**SOURCE DATA:**
========================

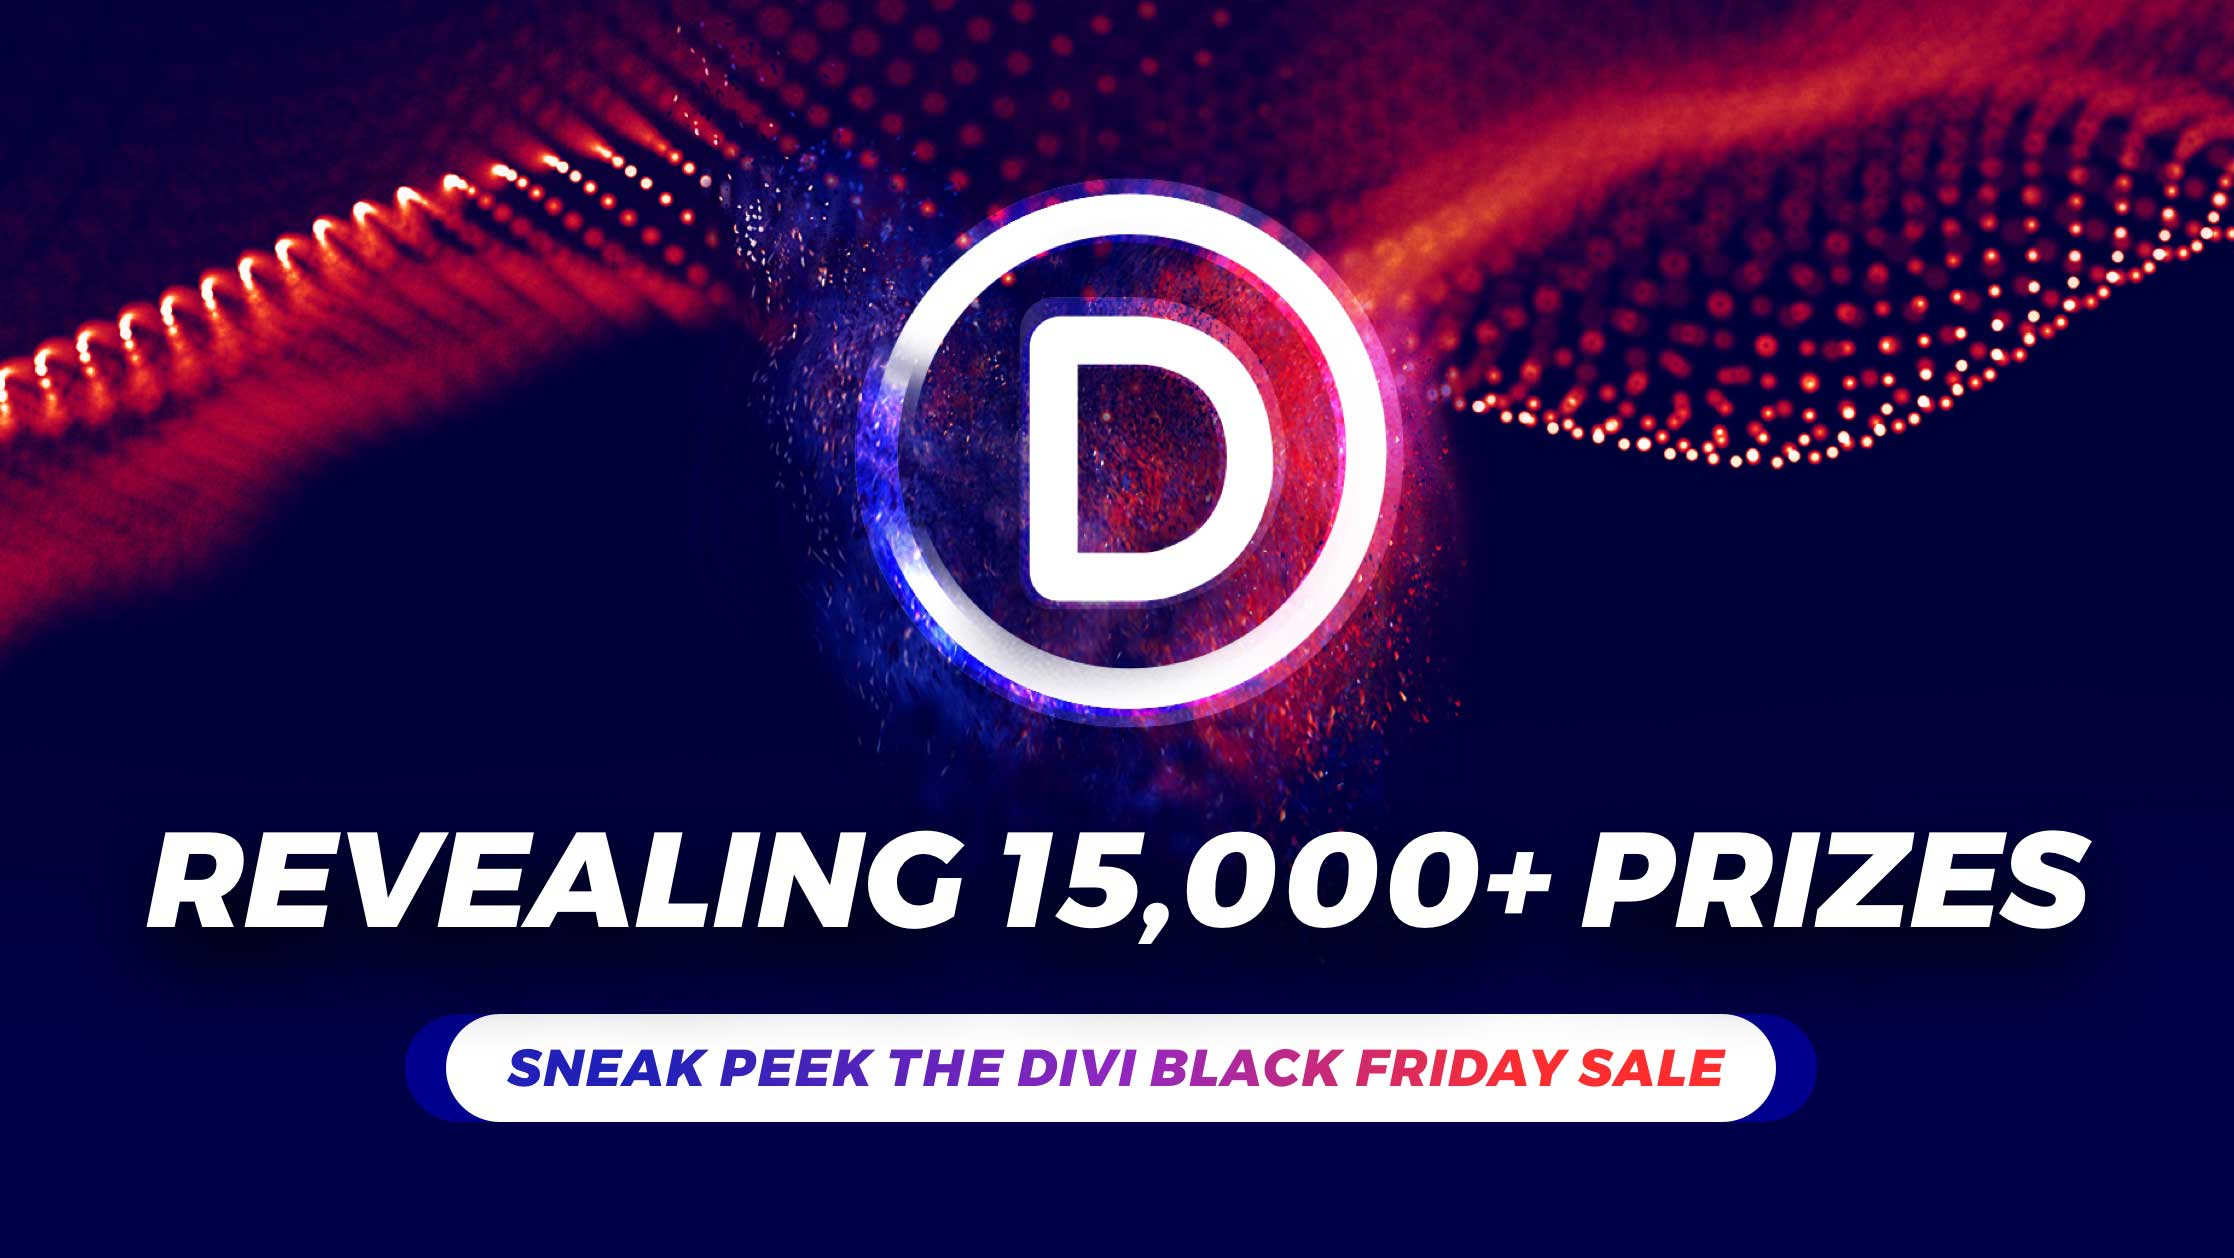 Revealing 15,000+ Free Divi Black Friday Prizes Worth $800,000!
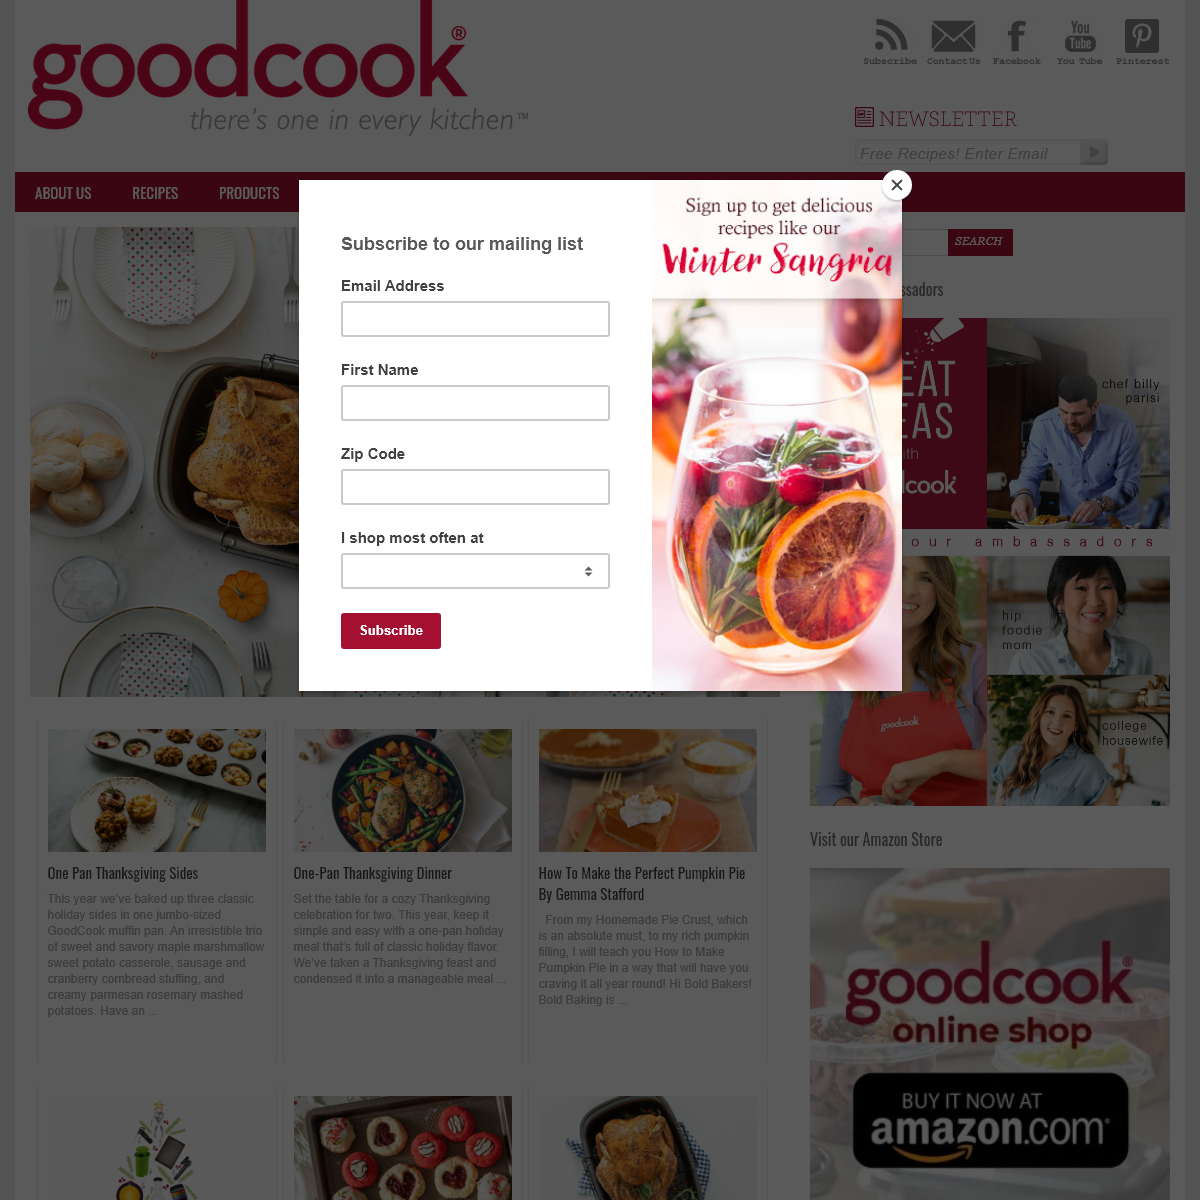 A complete backup of goodcook.com
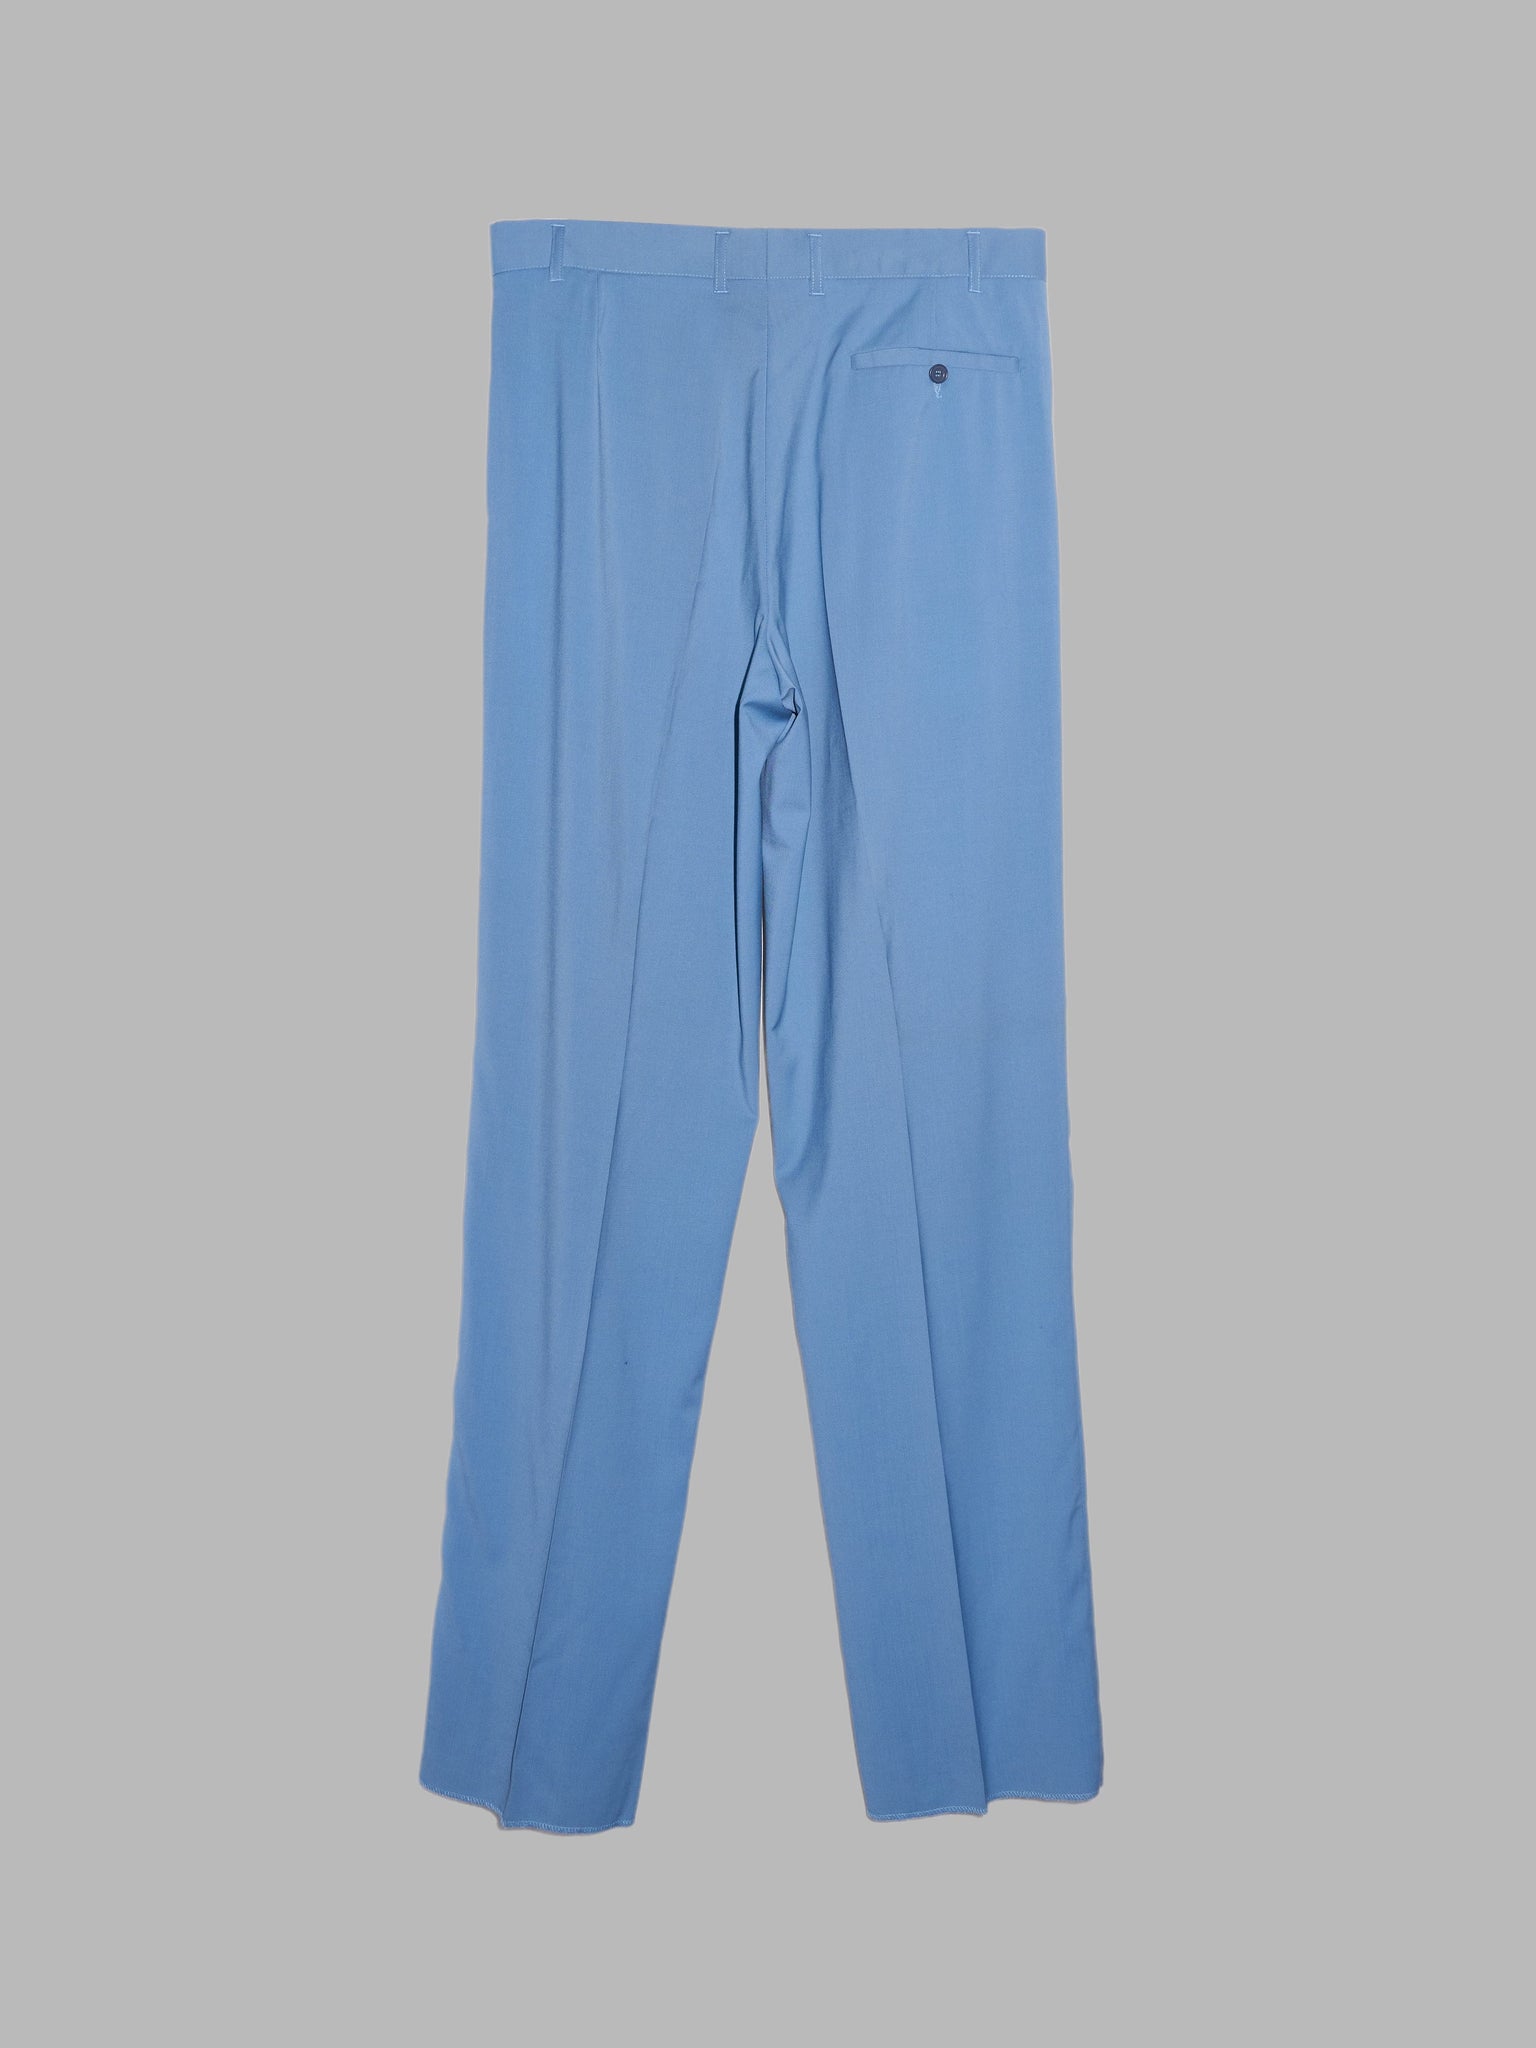 Byblos 1990s blue wool pleated trousers - size 52 new deadstock unhemmed
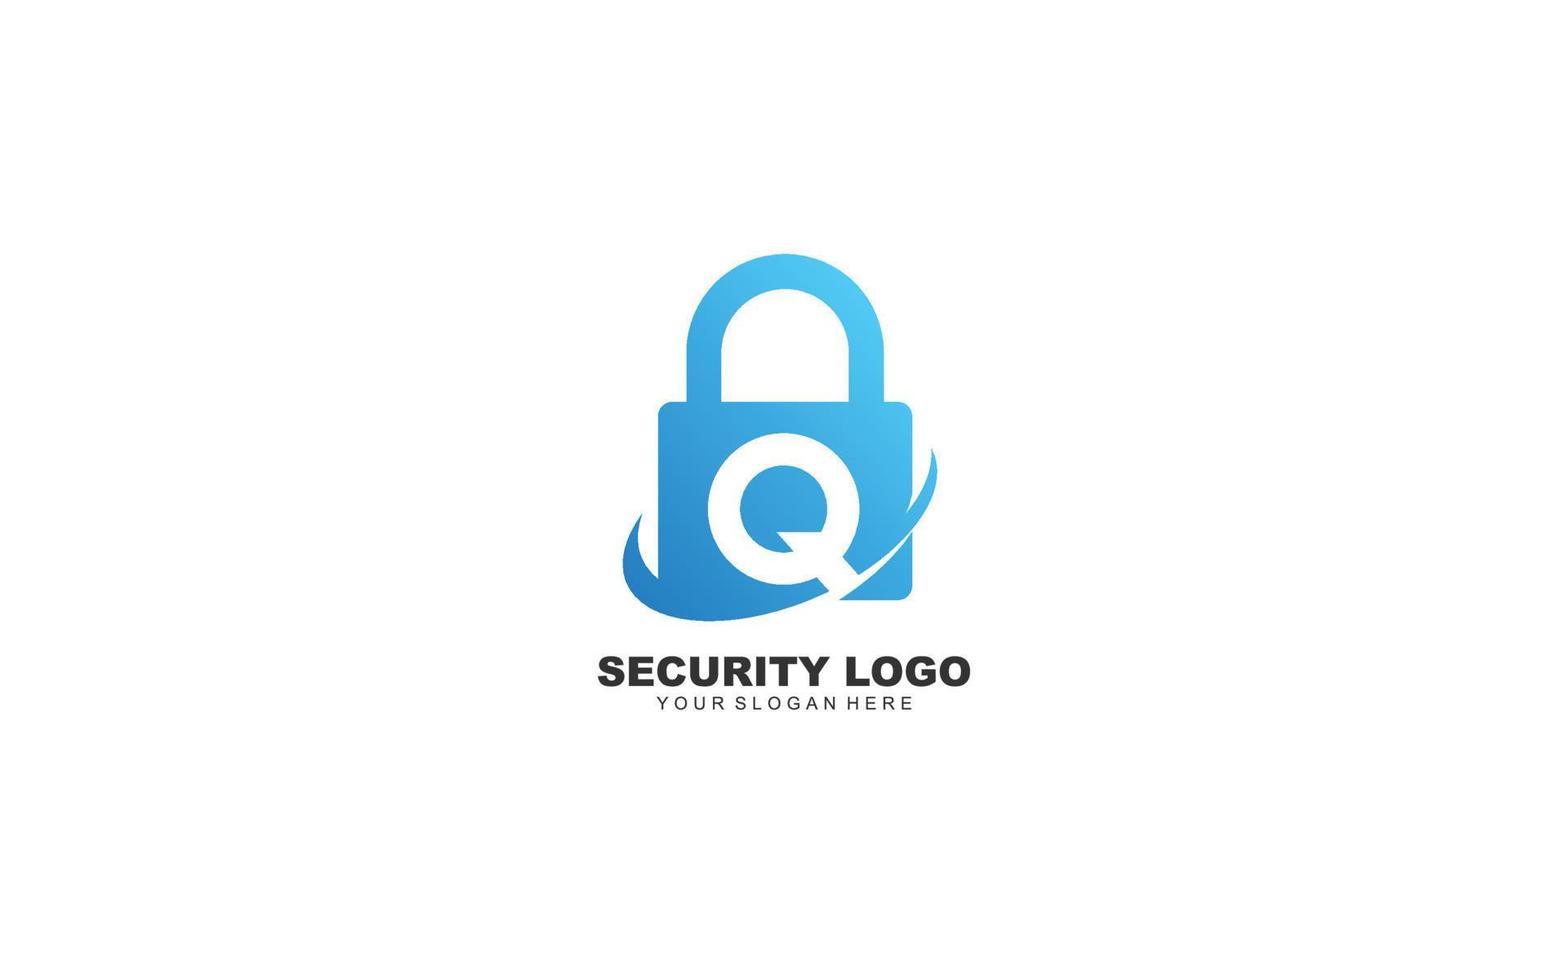 Q Security logo design inspiration. Vector letter template design for brand.

========================

**WHAT TO PRODUCE:** The whole listing above must be returned exactly as written, with no pictures carried over.

**EXERCISE ANSWER:**
 Revealing 15,000+ Free Divi Black Friday Prizes Worth $800,000!
 A complete backup of goodcook.com
 Byblos 1990s blue wool pleated trousers - size 52 new deadstock unhemmed
 Q Security logo design inspiration. Vector letter template design for brand.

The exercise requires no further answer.